Nature's cutest maniac: Why this (very adorable) sea slug eats sunlight for breakfast

Nature's cutest maniac: Why this (very adorable) sea slug eats sunlight for breakfast

Get to know all about the Costasiella kuroshimae - the leaf sheep sea slug

Photo credit: Alex Mustard/Naturepl.com

Published: May 24, 2025 at 1:00 pm

It takes a diver with very keen eyesight to spot one of the ocean’s most adorable molluscs. This species of tiny sea slug, Costasiella kuroshimae – also known as the leaf sheep – grows, at most, to a centimetre in length (about a fingernail’s width). And they’re superbly camouflaged.

Their green bodies perfectly match the colour of the seaweeds they live on, because this is also what they eat. And when they do eat it, something amazing happens: they turn into solar-powered sea slugs.

Just like land plants, seaweeds have tiny structures inside their cells called chloroplasts, which carry out the process of photosynthesis. They harness energy from sunlight to convert carbon dioxide into sugars.

When the leaf sheep eats seaweed, like sheep grazing on grass, they can digest those sugars. Alternatively, they can keep hold of intact chloroplasts without chewing them into a sugary mush, and push them inside their bodies to save for later use.

The structures along the leaf sheep’s back, which look like little leaves, are known as cerata. Each structure contains an extension of the sea slug’s digestive system and is chock full of chloroplasts, giving the cerata their grainy texture.

Amazingly, these swallowed chloroplasts keep on photosynthesising and producing more sugars. So, as long as the sea slug stays in shallow, tropical waters with plenty of access to sunlight, they have a source of food that they can carry around with them.
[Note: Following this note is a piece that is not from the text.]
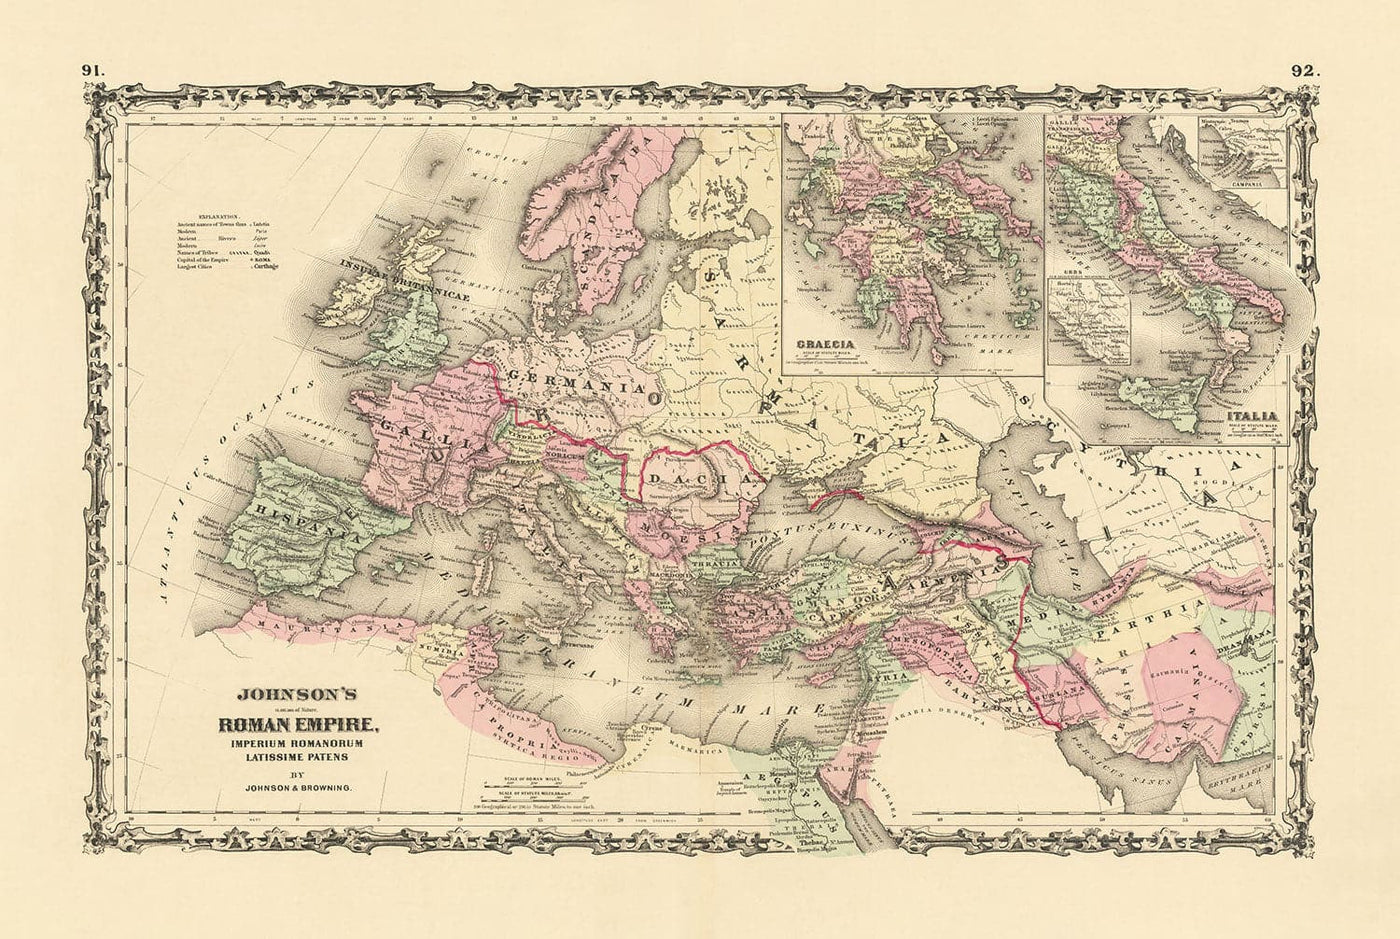 Alte römische Reichkarte von Europa, Afrika & Asien von Johnson und Browning - Historisches Diagramm des Byzantinischen Reiches
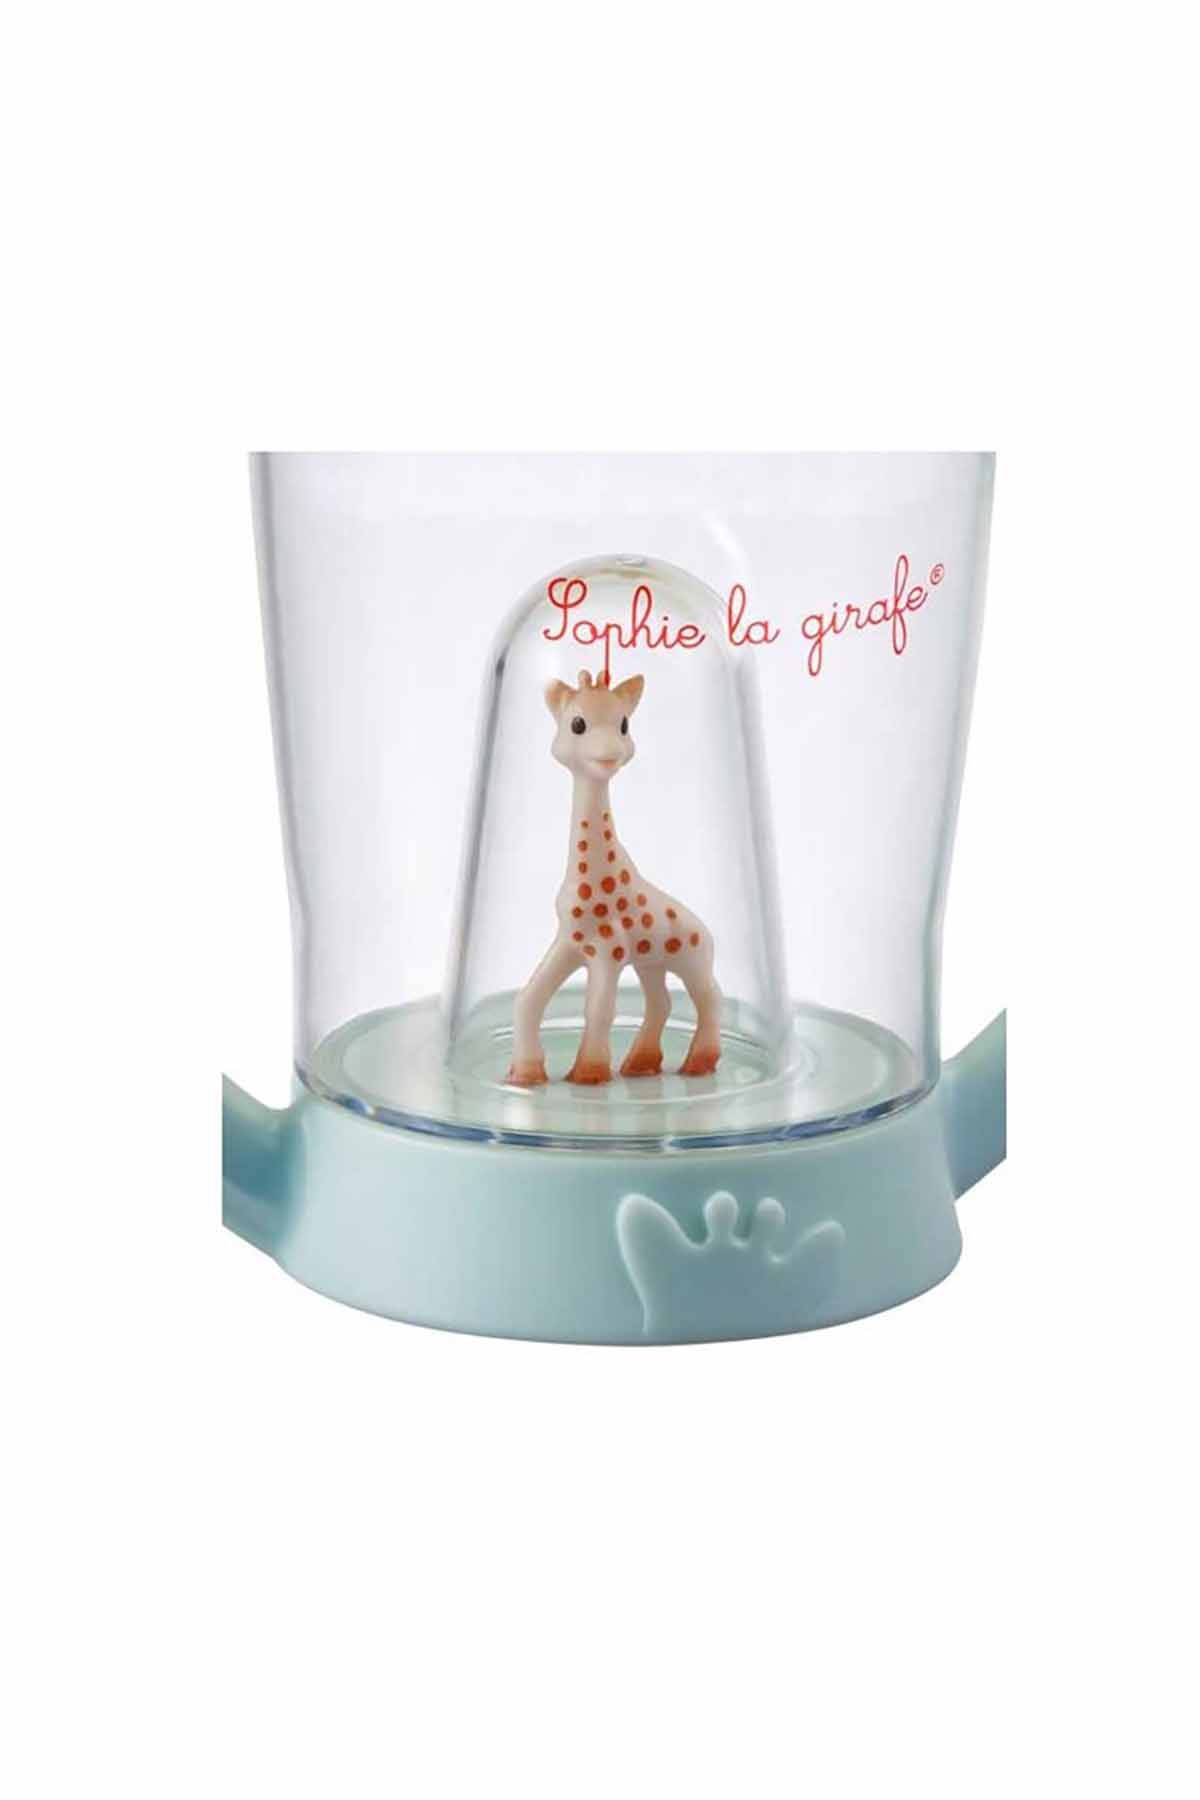 Sophie La Girafe Mascot Alıştırma Bardağı Suluk

Scientists first spotted this species in the early 1990s on the Japanese island of Kuroshima, hence the species name kuroshimae.

Since then, divers have looked carefully at the right kinds of seaweed – leaf sheep are very choosy with their food and only live on Avrainvillea green algae – and found these tiny sea slugs throughout Indonesia and the Philippines.
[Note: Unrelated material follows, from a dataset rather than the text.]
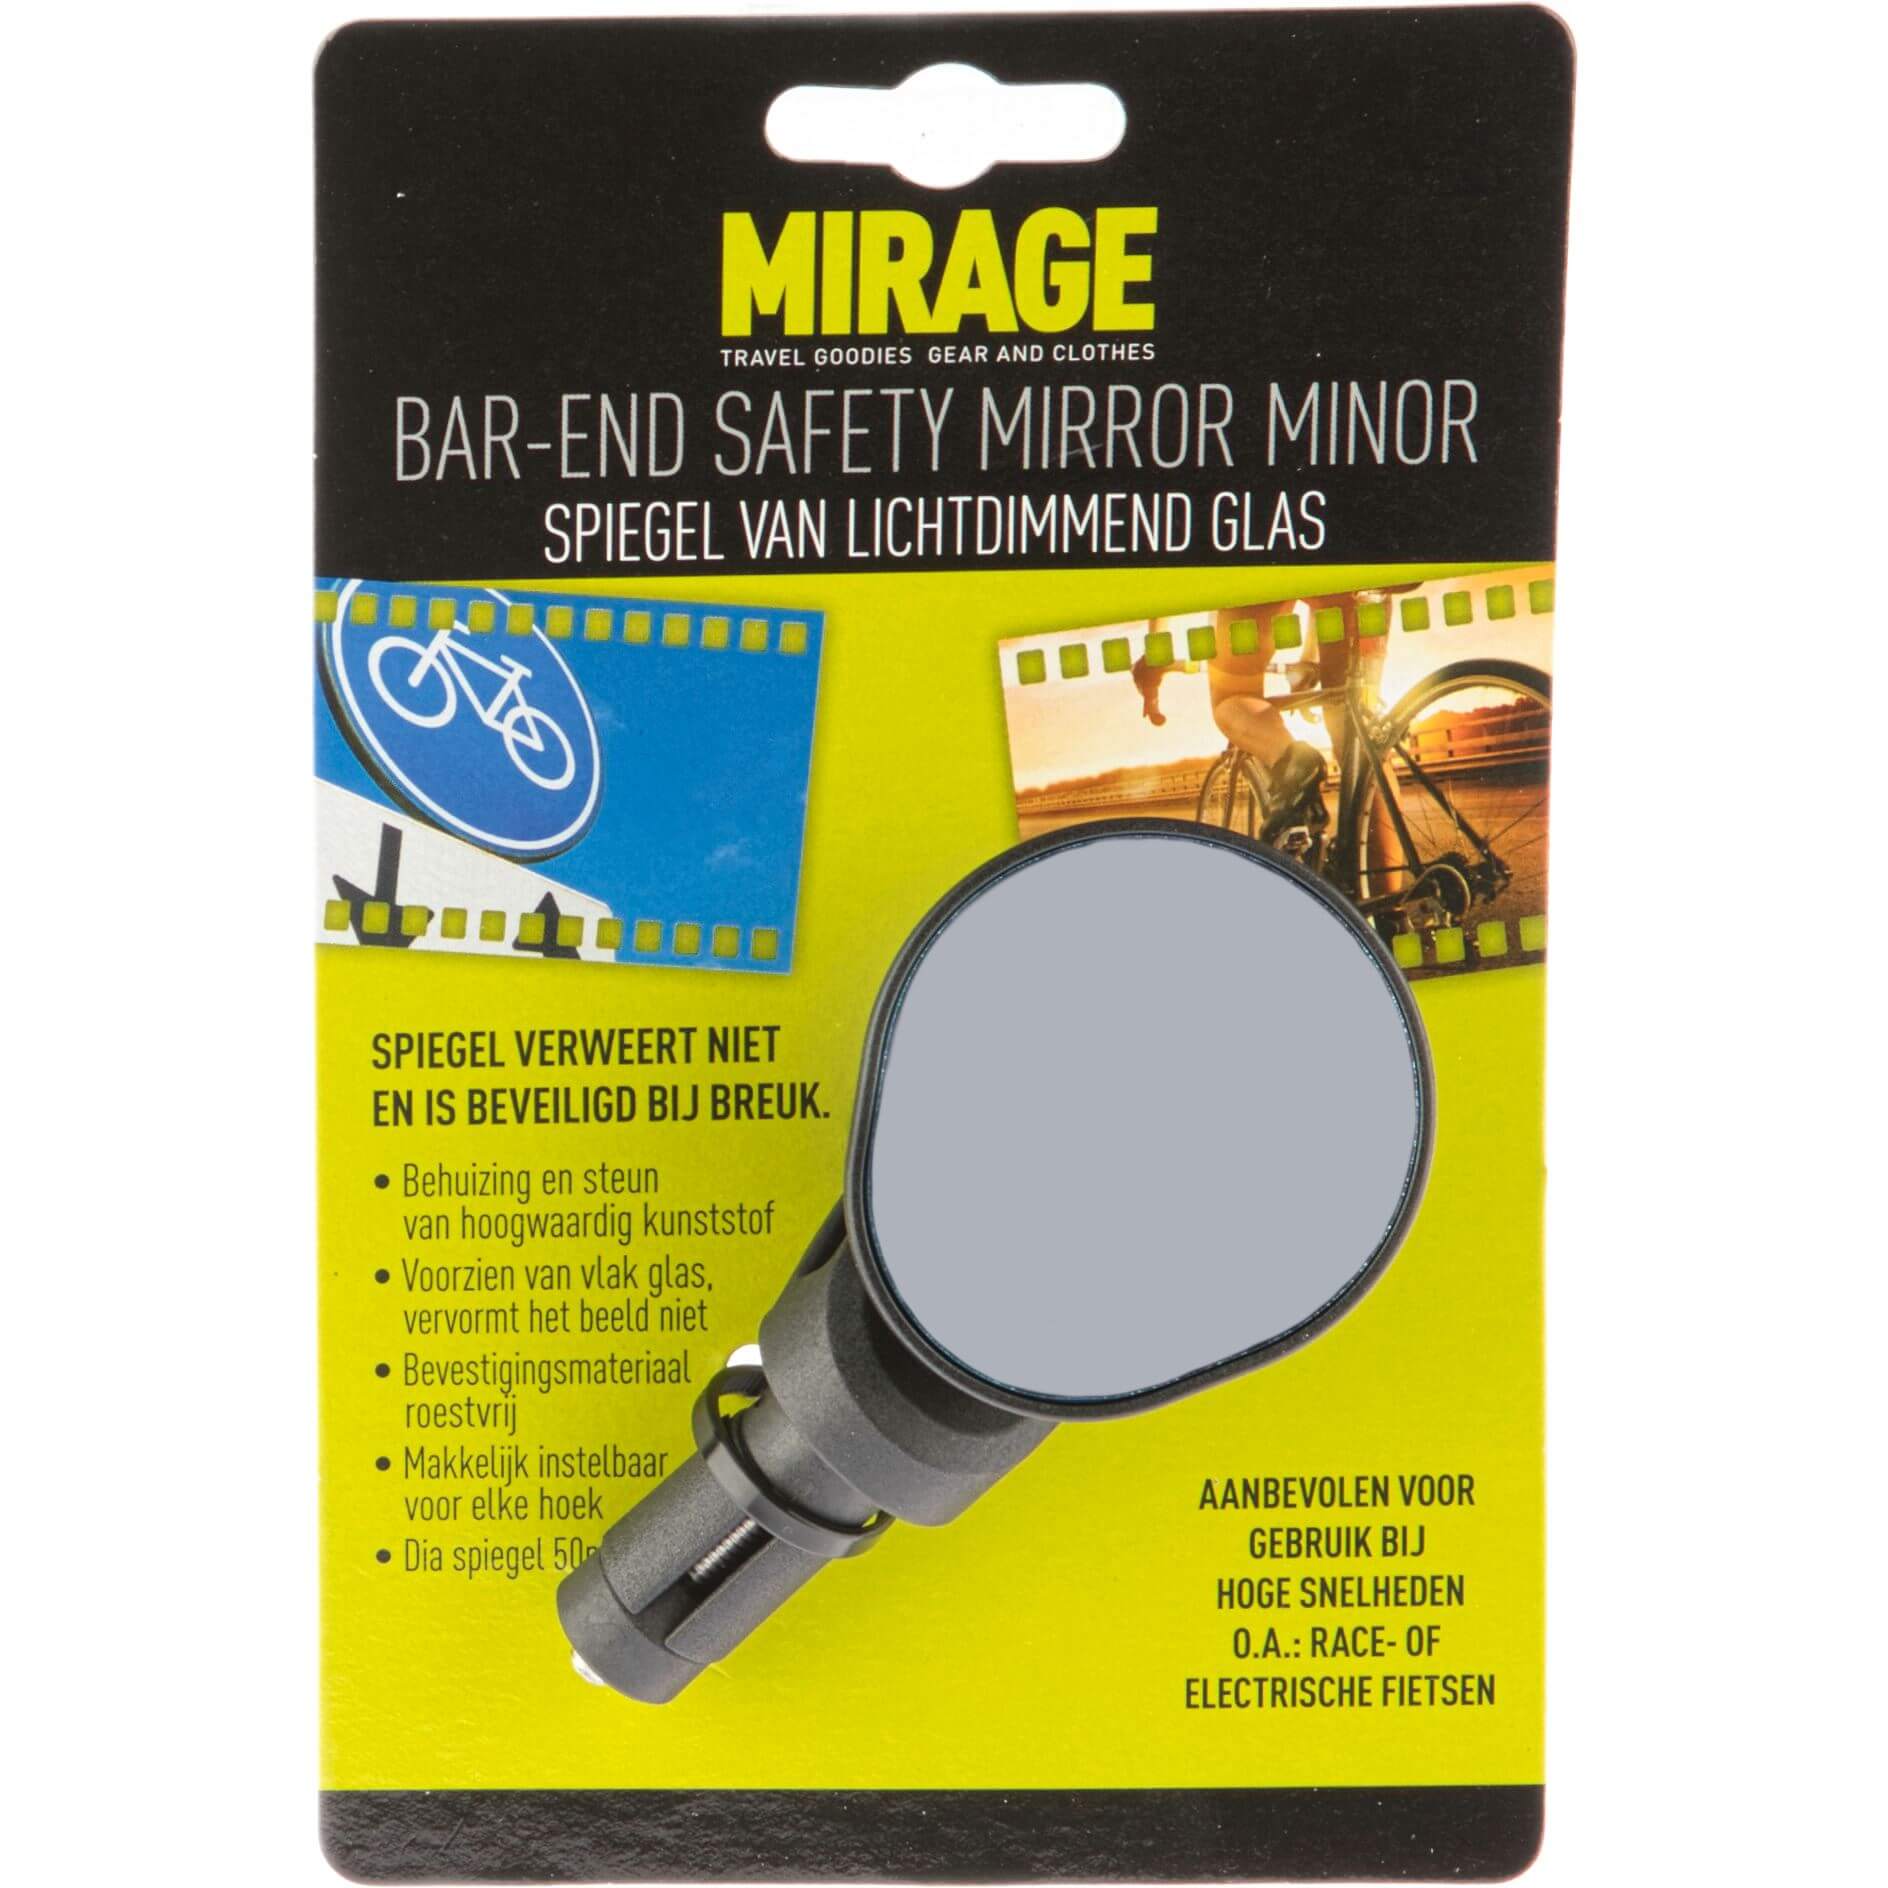 Minor spiegel bar-end

Costasiella nudibranch (sheep nudi) on the green seaweed. Dauin, Philippines
The Costasiella nudibranch (sheep nudi) can be found in the Philippines and Indonesia. - Photo credit: Getty Images

Like many species of seaweed-munching sea slugs, leaf sheep lay eggs in neat spirals, which hatch into larvae and drift through the water. For a short time, the young sea slugs have tiny shells before abandoning them and living shell-free.

Stealing chloroplasts from seaweed is a process scientists refer to as kleptoplasty and it occurs in various other species of sea slugs. Along British and other European shores, green elysia sea slugs (Elysia viridis) can be found living among the velvety digits of Codium seaweed (aka dead man’s fingers).
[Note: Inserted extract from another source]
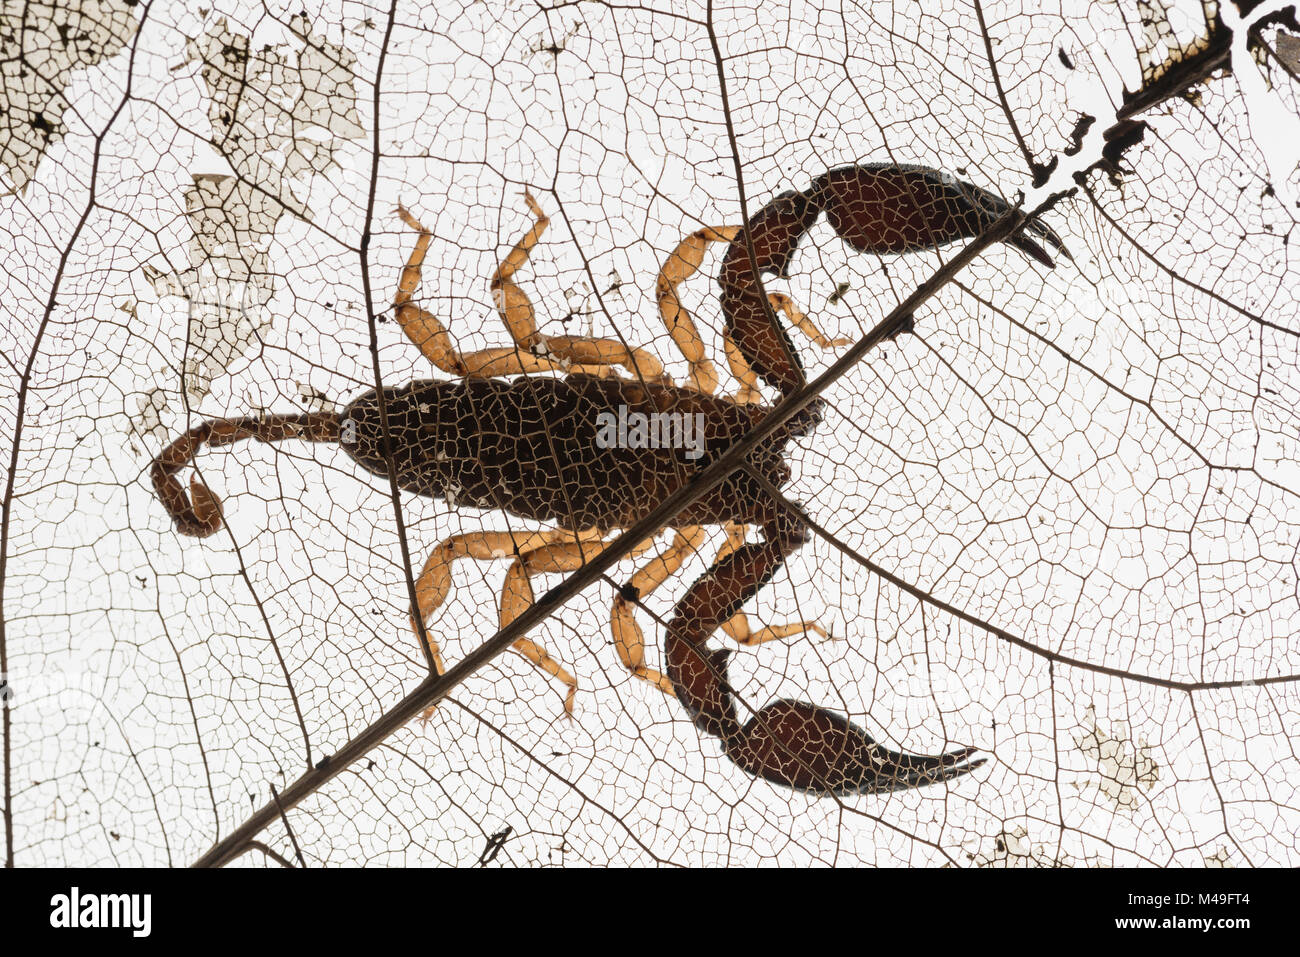 Rainforest scorpion, Queensland, Australie. Banque D'Images

They don’t have leafy projections on their back like leaf sheep, but instead have two wing-like flaps that they unfurl to catch as much sunlight as possible to power their home-grown food factory.

When spread out like this, these sea slugs take on the resemblance of floating leaves. Another species, Elysia marginata, not only steals chloroplasts, but can perform an even more astonishing trick. Similar to a gecko detaching from its tail, these sea slugs can separate their heads from their bodies.

The process takes several hours and the decapitated body can survive for a few days, but it doesn’t regrow a new head. The original head, however, wanders around on its own for a while, before sprouting a new body.

This head-chopping behaviour may have evolved as an effective, although rather extreme, way of getting rid of a body infested with parasites.